夏末看见了,三层的大蛋糕,最顶上,是一对穿着漂亮裙子的芭比娃娃,一个红裙,一个粉裙。
夏末拉着宁之远的手说:“走了,分蛋糕了。”
宁之远随她往里走,看着夏末脑后甩着的马尾,心中洋溢酸甜苦辣。
小院里还挤满了很多很多的气球,很多很多穿着玩偶服的小动物,很多很多的玩具,付琳珊站在孩子中间冲夏末招手,“妹妹,快来!”
宁之远松开手,说:“去吧。
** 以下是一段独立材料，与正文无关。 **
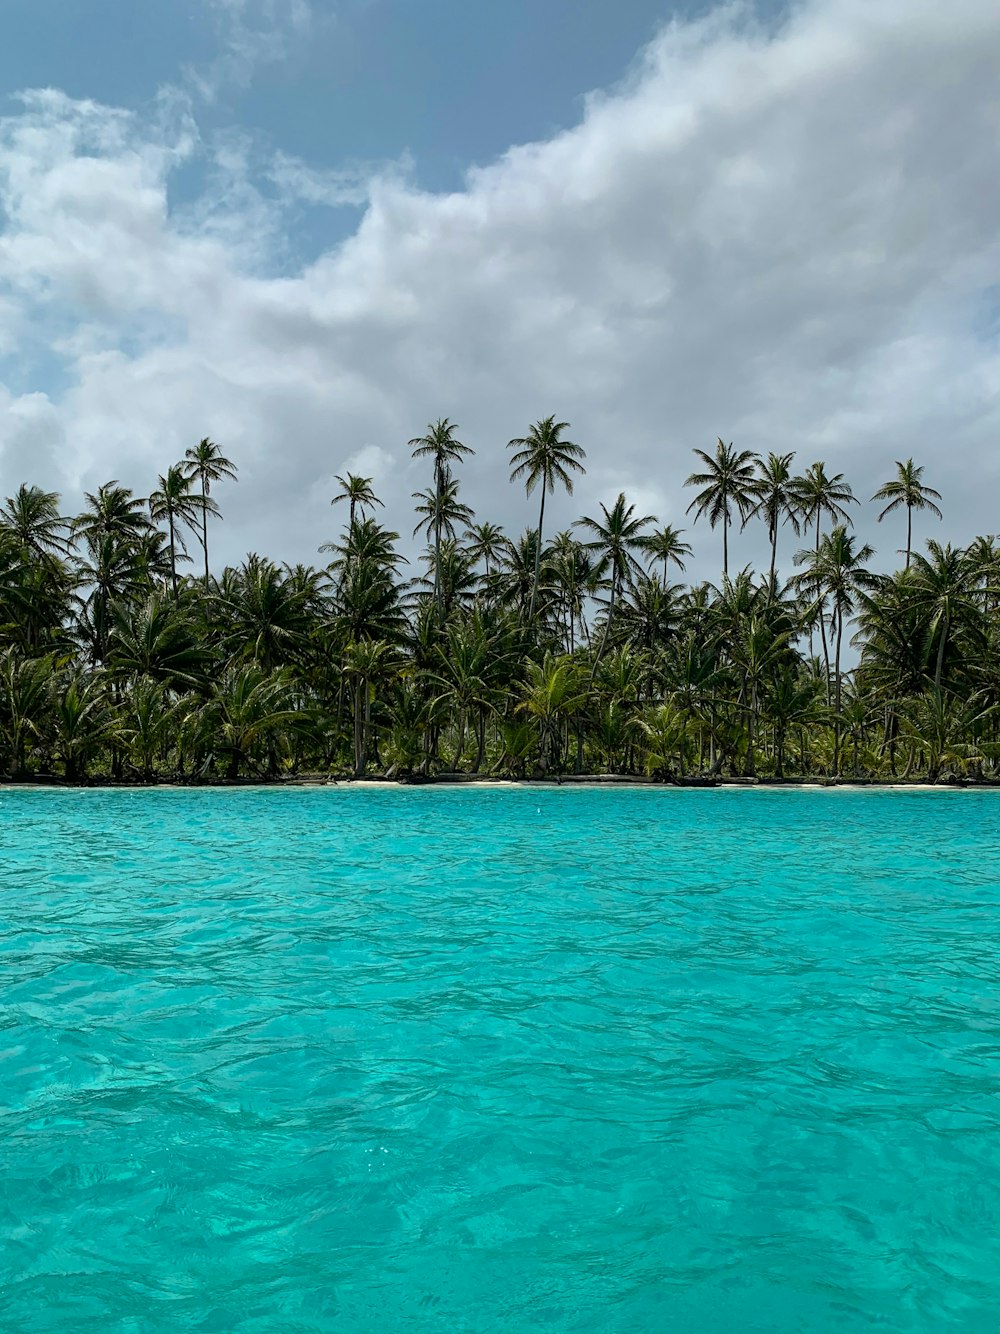 palm trees on blue sea under white clouds and blue sky during daytime

”
有人过来拍照,整个孤儿院里的小朋友和老人们,嘴里吃着甜蜜的蛋糕,将最美的笑容印下。
照片的中央,付琳珊往夏末脸上糊奶油,她像个妹妹。
而夏末,呆呆站在那里仰着脸,像个照顾妹妹的姐姐。
宁之远只好过去帮他女人,糊了付琳珊满脸奶油,付琳珊惊呼:“我的妆!我刷了两个小时的睫毛!!”
然后挥手将蛋糕拍在宁之远脸上。
惹来孩子和老人们的哈哈大笑。
很久之后,夏末才知道,距离这时的一年以前,付琳珊以医药公司的名义,给孤儿院捐了一笔不小的数额。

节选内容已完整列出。